А. С. Грин КАК Я УМИРАЛ НА ЭКРАНЕ

В полдень я получил уведомление от фирмы «Гигант», что предложение мое принято. Жена спала. Дети ушли к соседям. Я задумчиво посмотрел на Фелицату, скорбно прислушиваясь к ее неровному дыханию, и решил, что поступаю разумно. Муж, неспособный обеспечить лекарство больной жене и молоко детям, заслуживает быть проданным и убитым.

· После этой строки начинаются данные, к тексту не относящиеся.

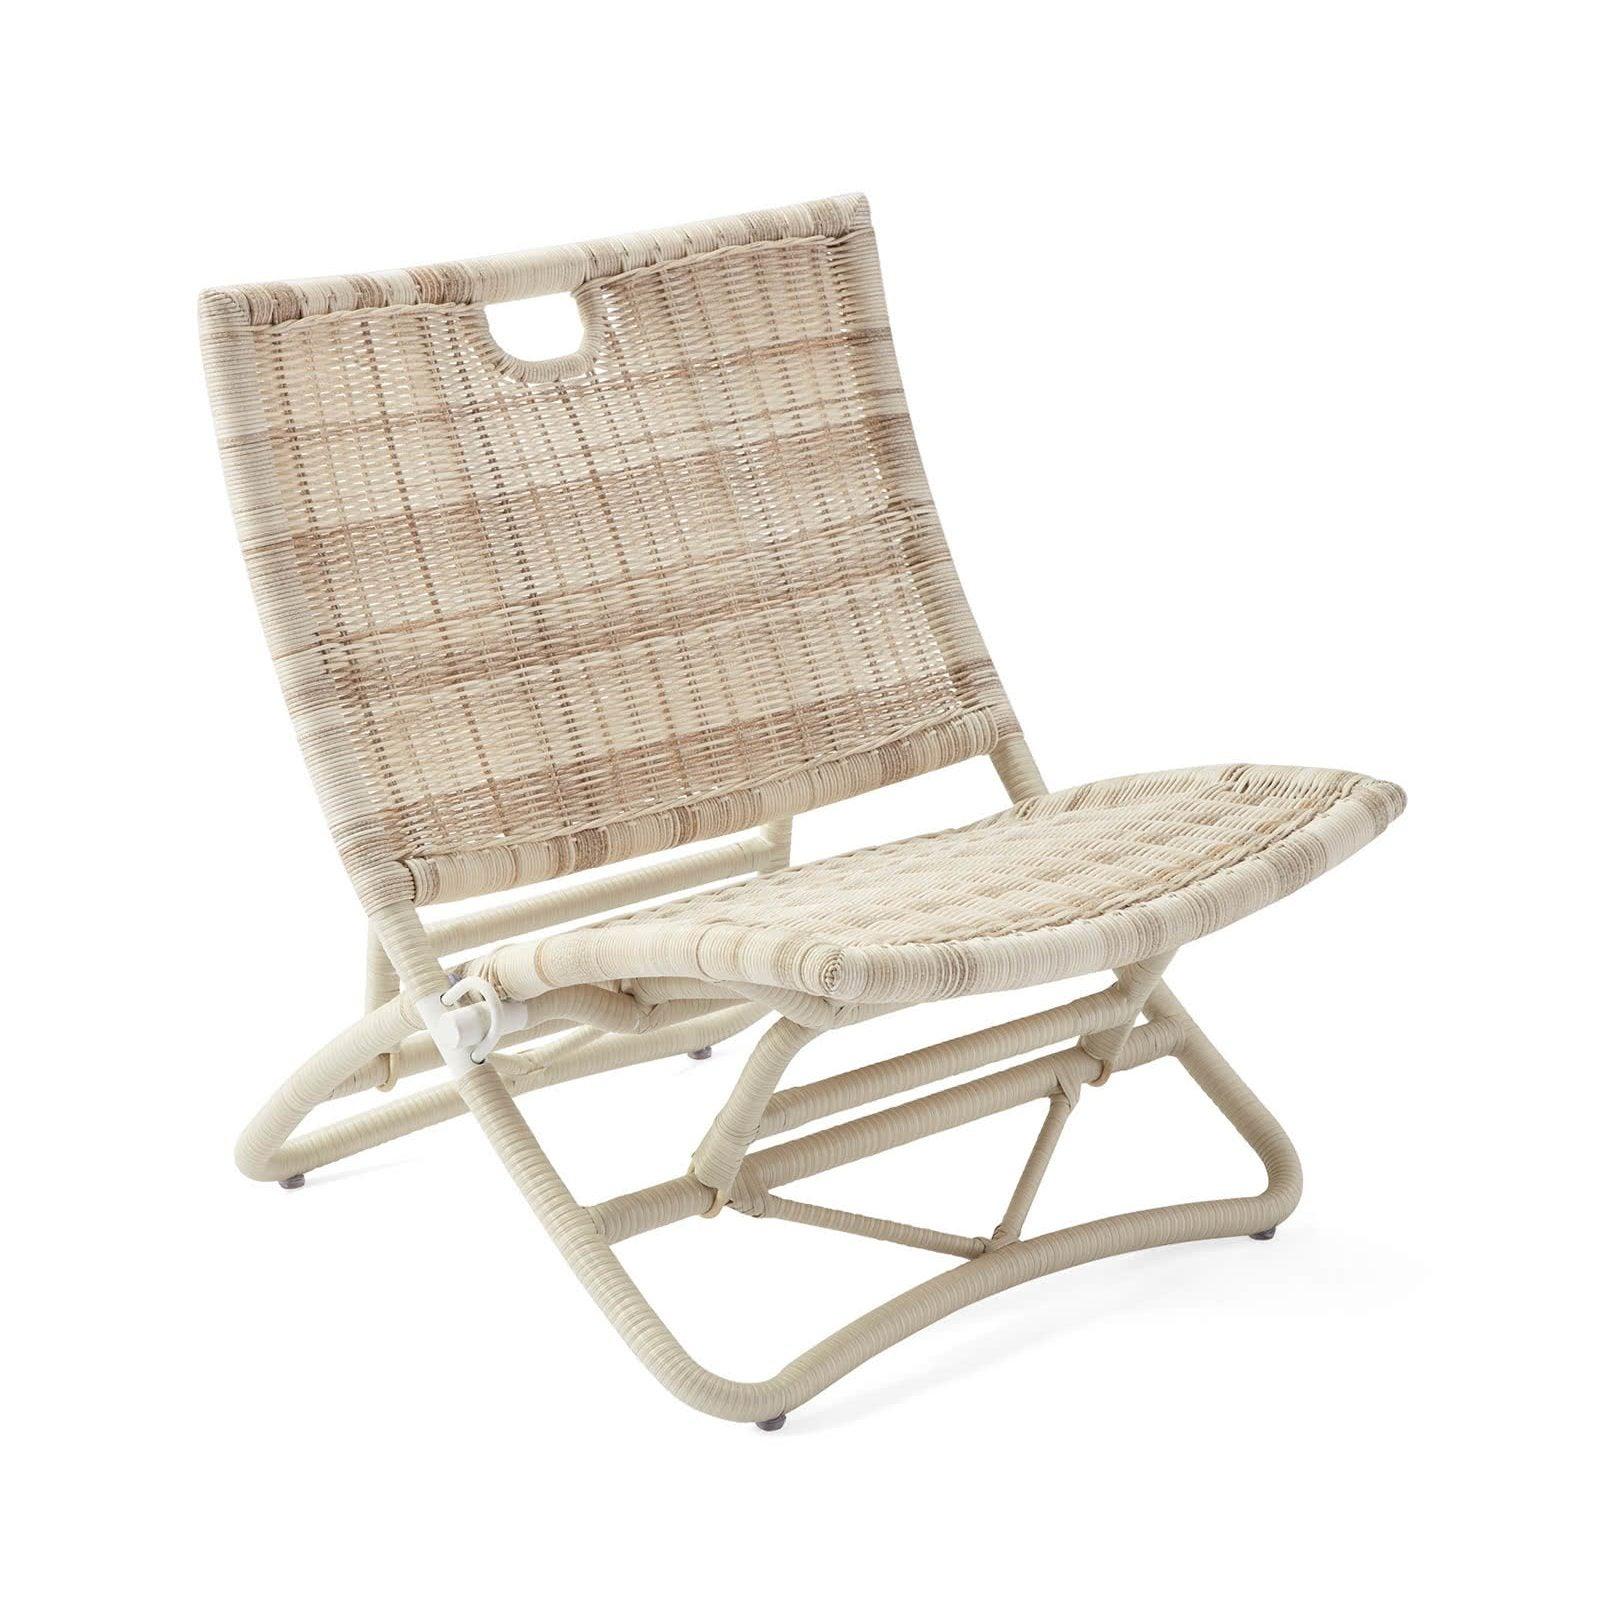 Furn_Palisades_Outdoor_Chair_Driftwood_Angle_MV_0580_Crop_SH

Письмо управляющего фирмой «Гигант» было составлено весьма искусно, так, что только я мог понять его; попади оно в чужие руки, никто не догадался бы, о чем речь. Вот письмо:

«М. Г.! Мы думаем, что сумма, о которой вы говорите, удобна и вам и нам (я требовал двадцать тысяч). Приходите на улицу Чернослива, дом 211, квартира 73, в 9 часов вечера. То неизменное положение, в котором вы очутитесь, назначено с соответствующим, приятным для вас, ансамблем».

Подписи не было.

Некоторое время я ломал голову, — каким путем очутившись в «неизменном положении», т. е. с простреленной головой, я могу убедиться в выполнении «Гигантом» обязательства уплатить моей жене двадцать тысяч, но скоро пришел к заключению, что все выяснится на улице Чернослива. Я же, во всяком случае, не отправлюсь в Елисейские Поля без твердой гарантии.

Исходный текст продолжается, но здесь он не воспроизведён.